One brilliantly bright sunlit summer’s morning, I woke up even earlier than normal, at around four o’clock. It was already well past dawn, and I was lying with my face towards the bright bay window:
The bedroom door was directly behind me, and as I gradually became more and more awake, I had the strongest feeling that somebody was standing behind me in the doorway, looking at me. The strongest feeling.

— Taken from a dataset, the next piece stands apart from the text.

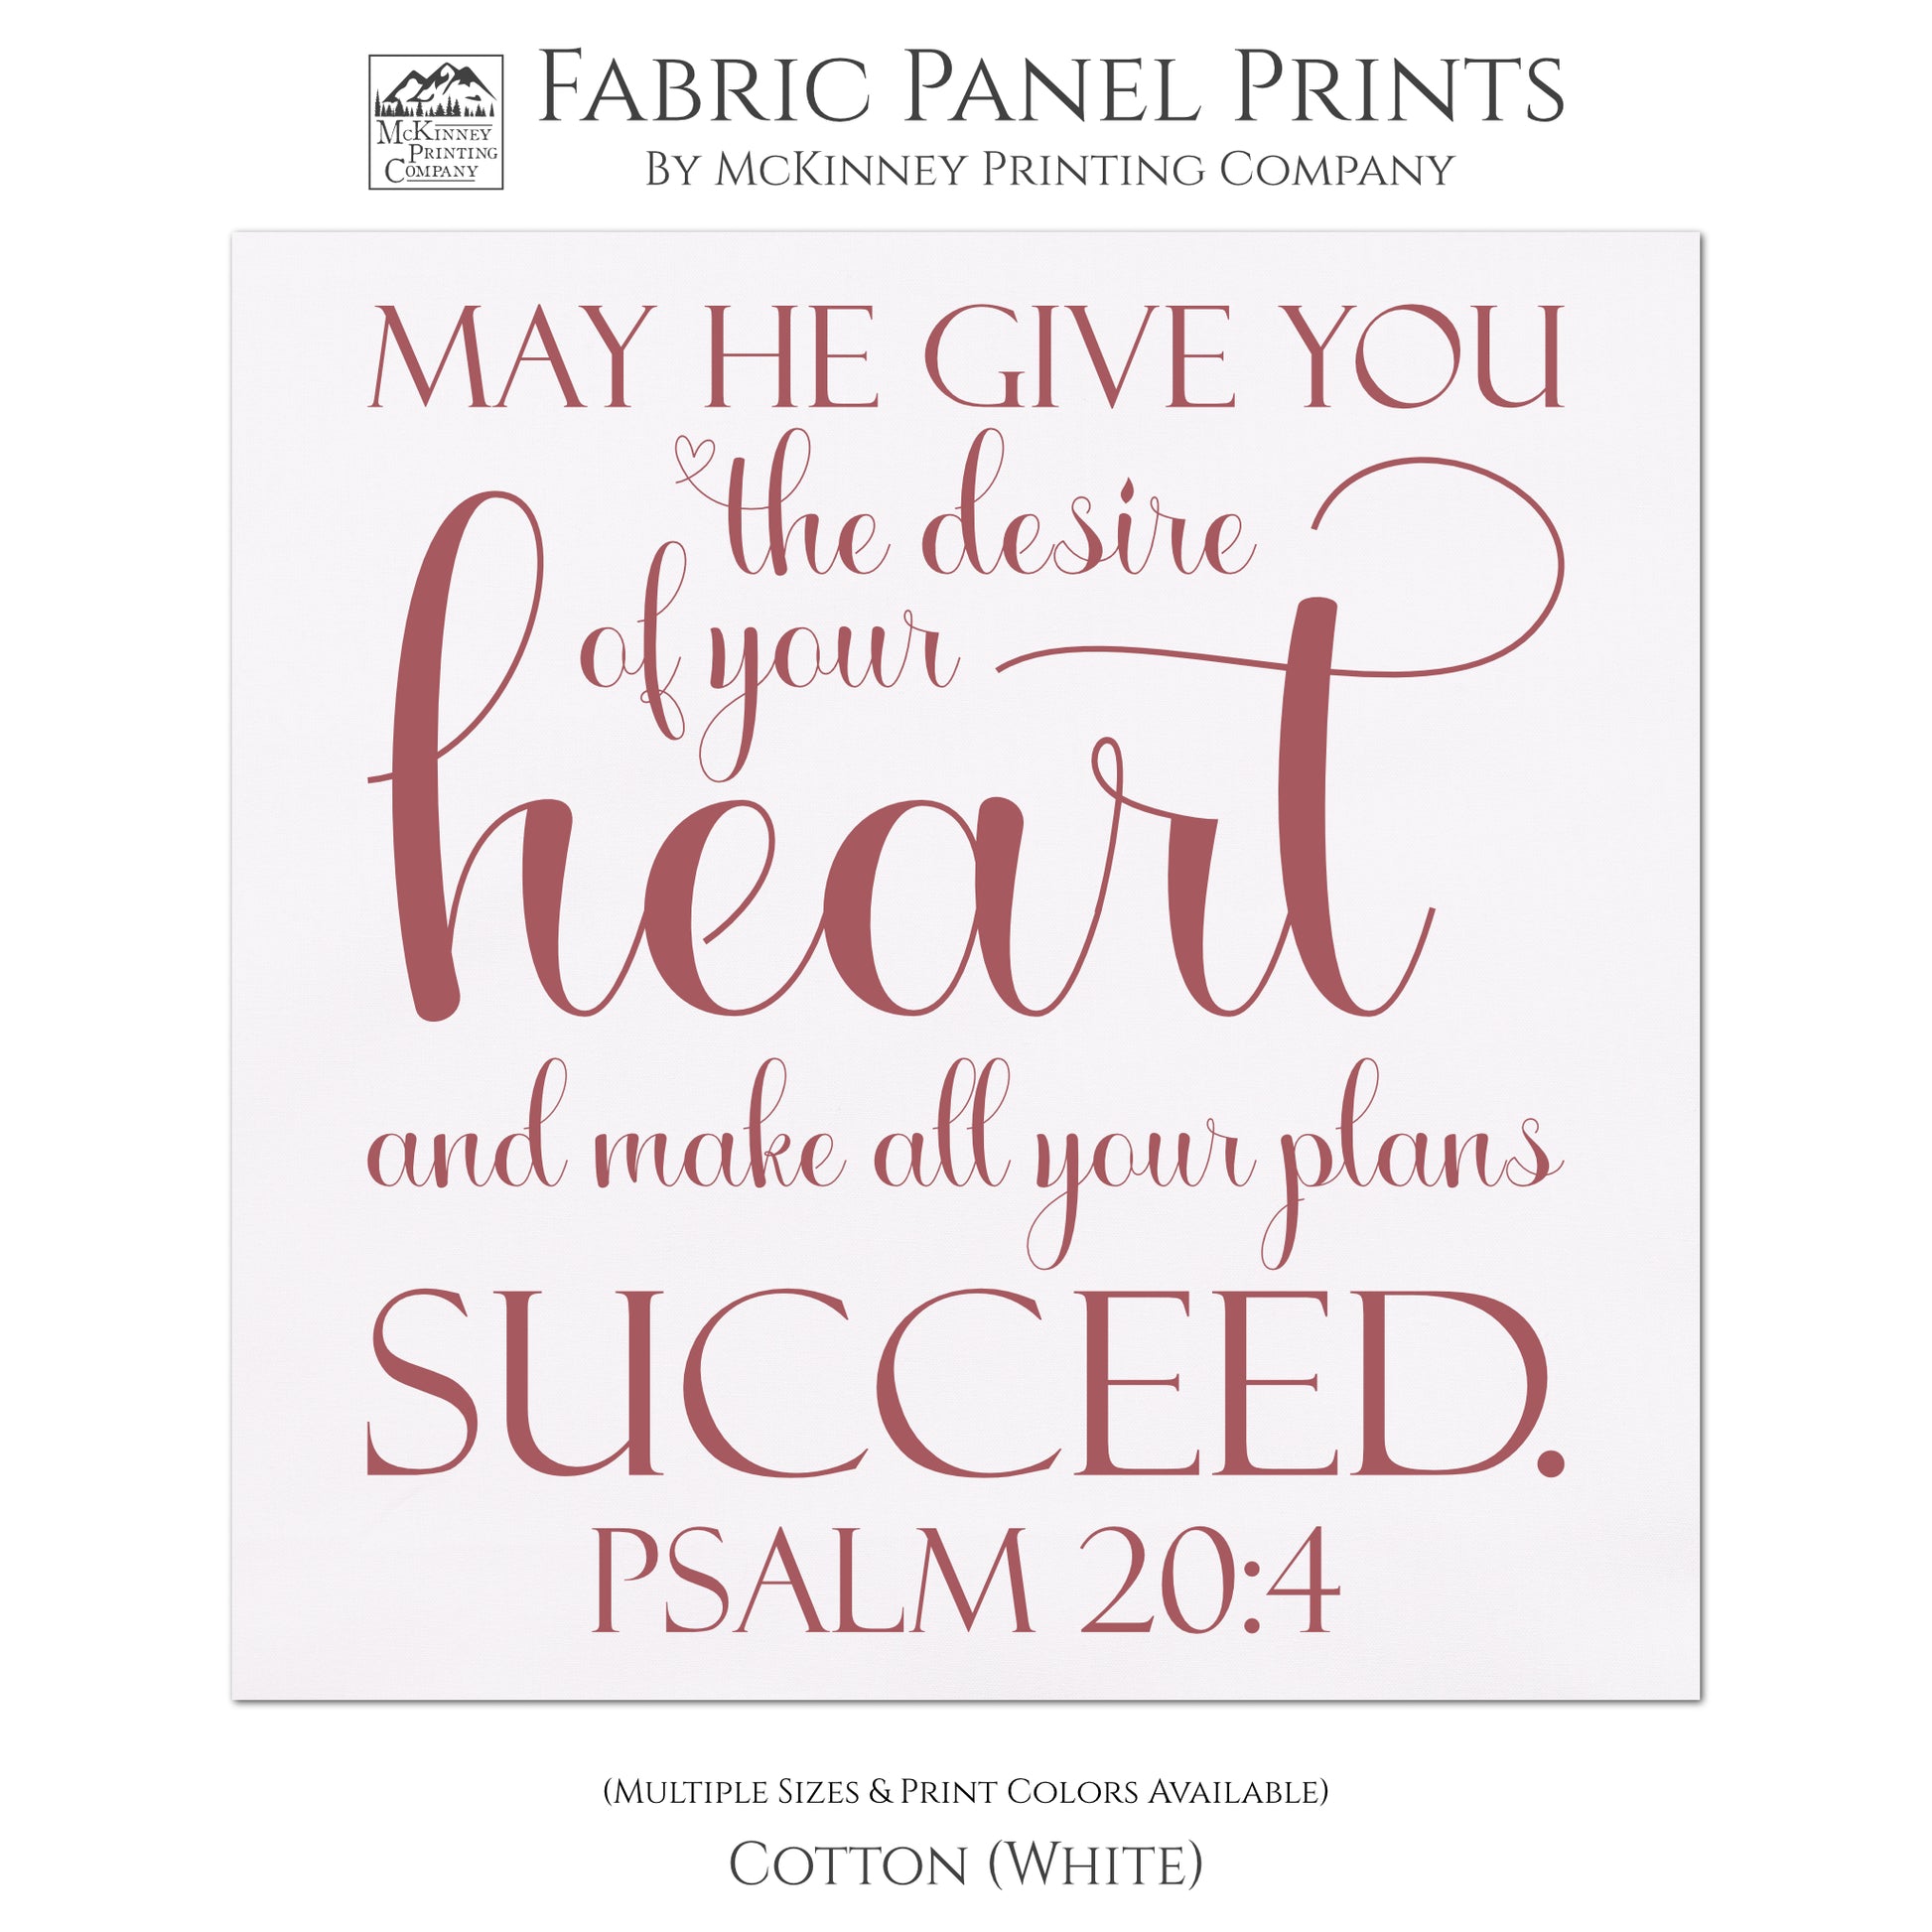 May He give you the desire of your heart and make all your plans succeed - Psalm 20:4 - Religious Fabric, Wall Hanging, Quilt Block, Sewing Craft, Pillow - Cotton, White

Somehow, I knew that I was going to have to pluck up courage to turn over and have zaa look to see if there was, in actual fact, anybody there. Slowly, slowly I was acquiring the courage to turn around.
Suddenly, I heard a child’s high pitched voice say, “There’s one in here, and he’s still asleep”. From the landing outside the bedroom came a female adult’s reply, “Come away, you’ll waken him.”
Then there was silence:
I turned over to look towards the bedroom door. There was nobody. I got up and had a look around all the rooms in the house. Nobody.
Then, just for a moment, I had the strangest feeling that I had just taken part in a Year 10 Social History class visit from the 25th Century. Walking around in what to them was the distant past. Our distant descendants in our house.